[Stored data entries]
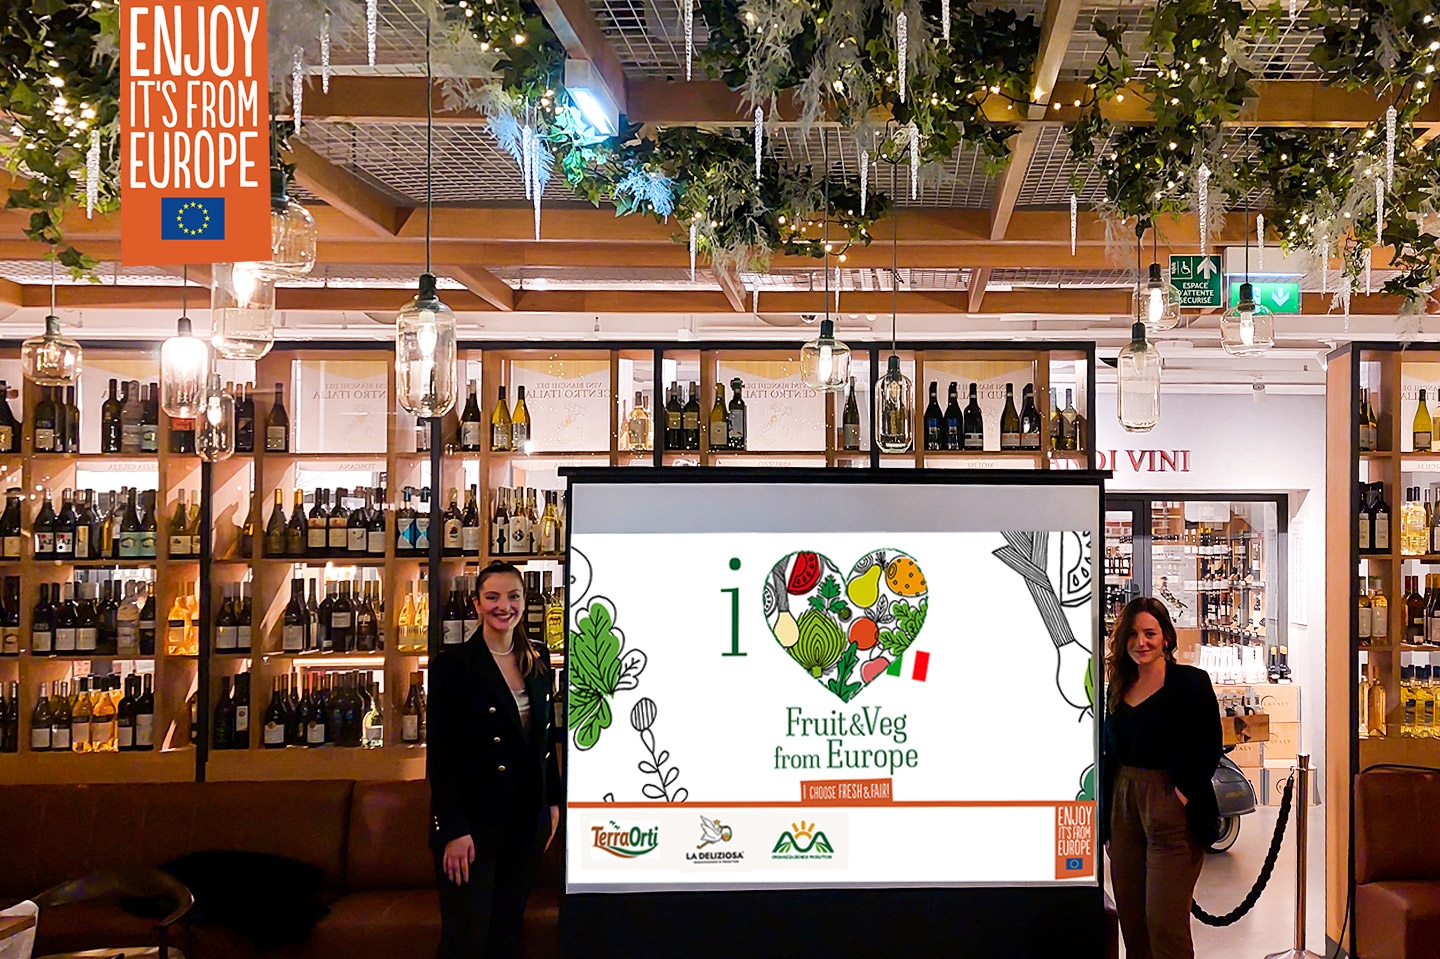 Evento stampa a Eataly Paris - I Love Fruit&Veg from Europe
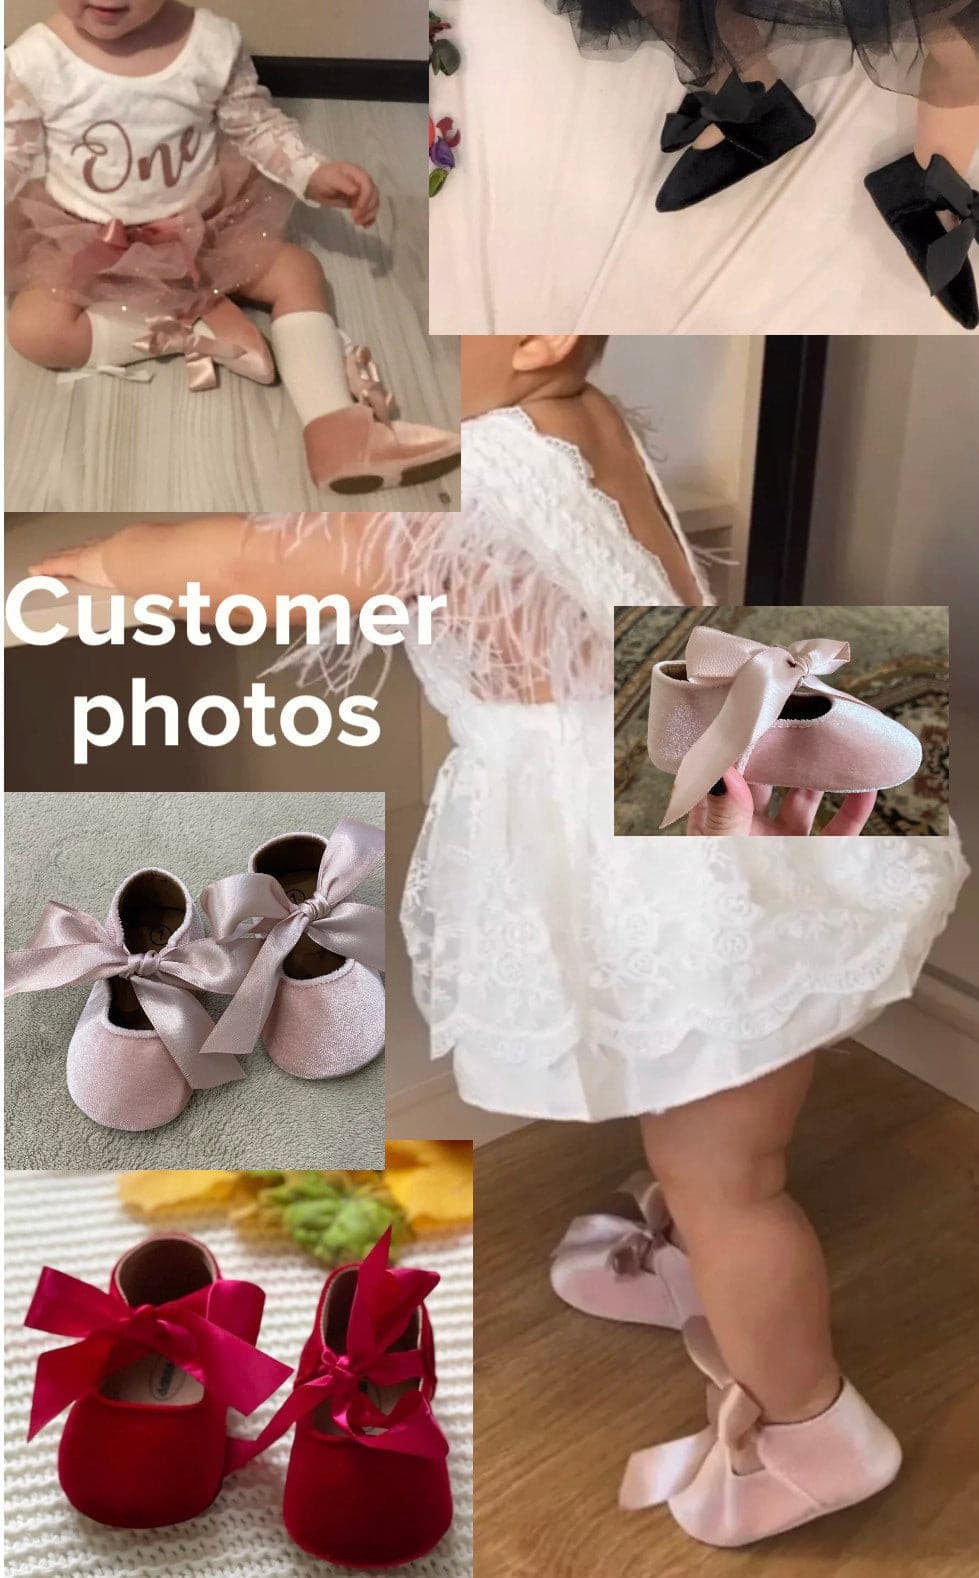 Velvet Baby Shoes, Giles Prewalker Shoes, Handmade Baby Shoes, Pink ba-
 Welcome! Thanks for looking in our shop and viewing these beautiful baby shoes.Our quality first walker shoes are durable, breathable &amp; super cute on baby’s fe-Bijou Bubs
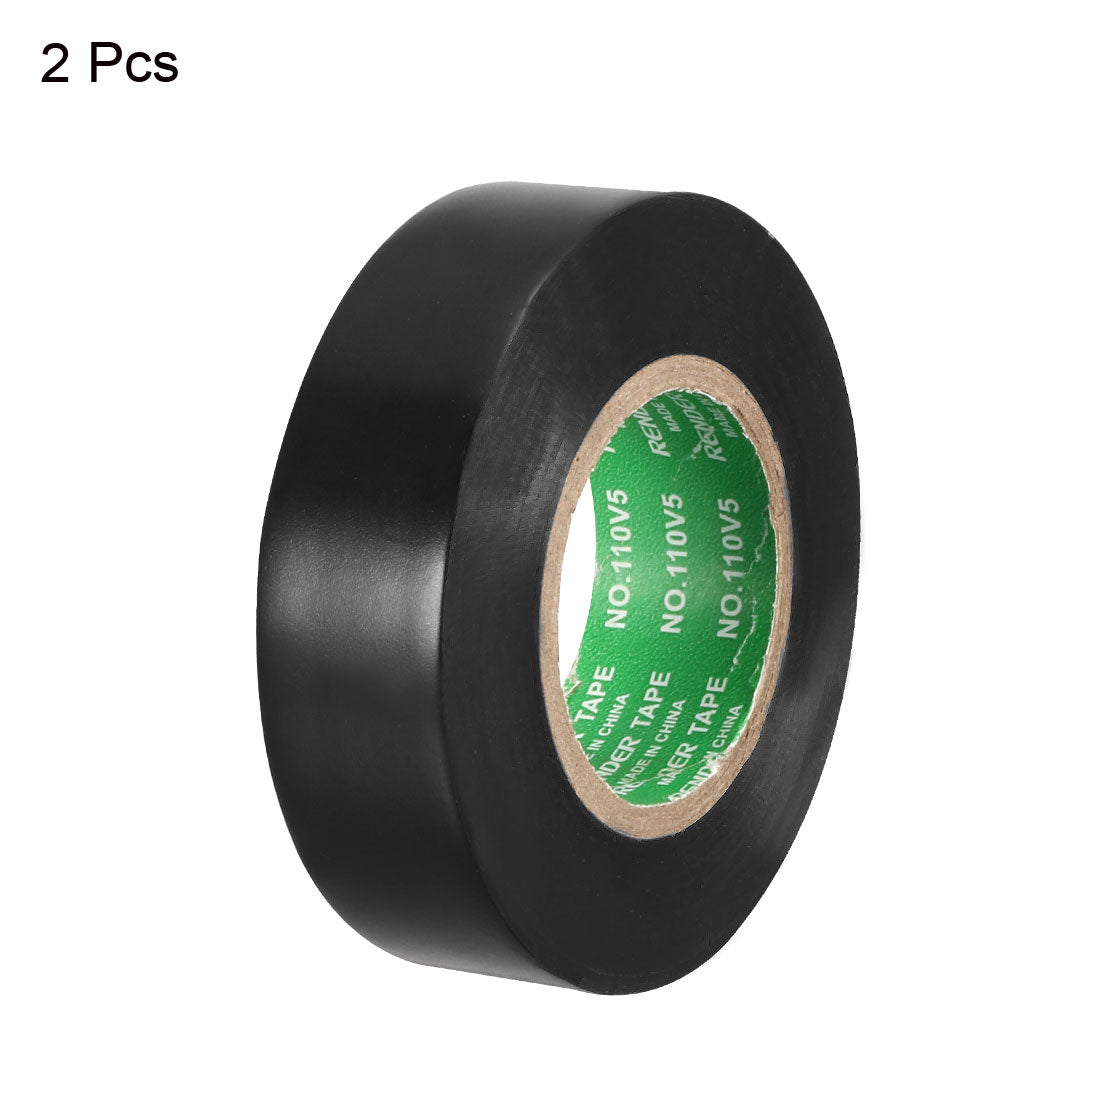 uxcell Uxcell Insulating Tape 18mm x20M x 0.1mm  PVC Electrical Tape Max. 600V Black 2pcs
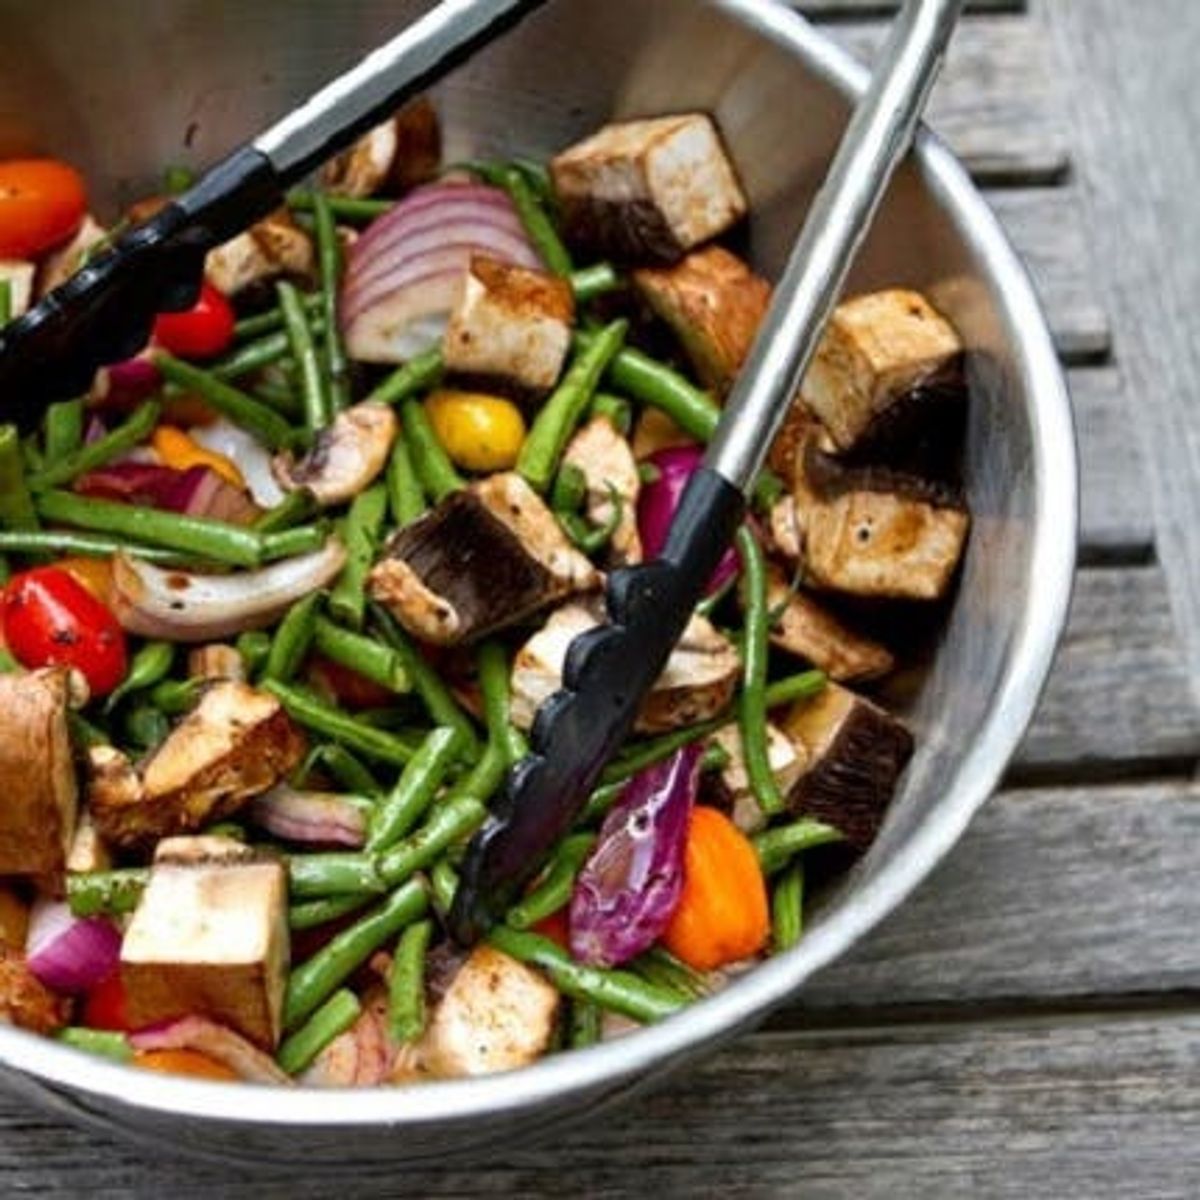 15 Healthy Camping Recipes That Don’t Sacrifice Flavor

== What needs to be done ==
Transcribe all of the records above character for character. Exclude the pictures.

== Answer below ==
 Evento stampa a Eataly Paris - I Love Fruit&Veg from Europe
 Velvet Baby Shoes, Giles Prewalker Shoes, Handmade Baby Shoes, Pink ba-
 Welcome! Thanks for looking in our shop and viewing these beautiful baby shoes.Our quality first walker shoes are durable, breathable &amp; super cute on baby’s fe-Bijou Bubs
 uxcell Uxcell Insulating Tape 18mm x20M x 0.1mm  PVC Electrical Tape Max. 600V Black 2pcs
 15 Healthy Camping Recipes That Don’t Sacrifice Flavor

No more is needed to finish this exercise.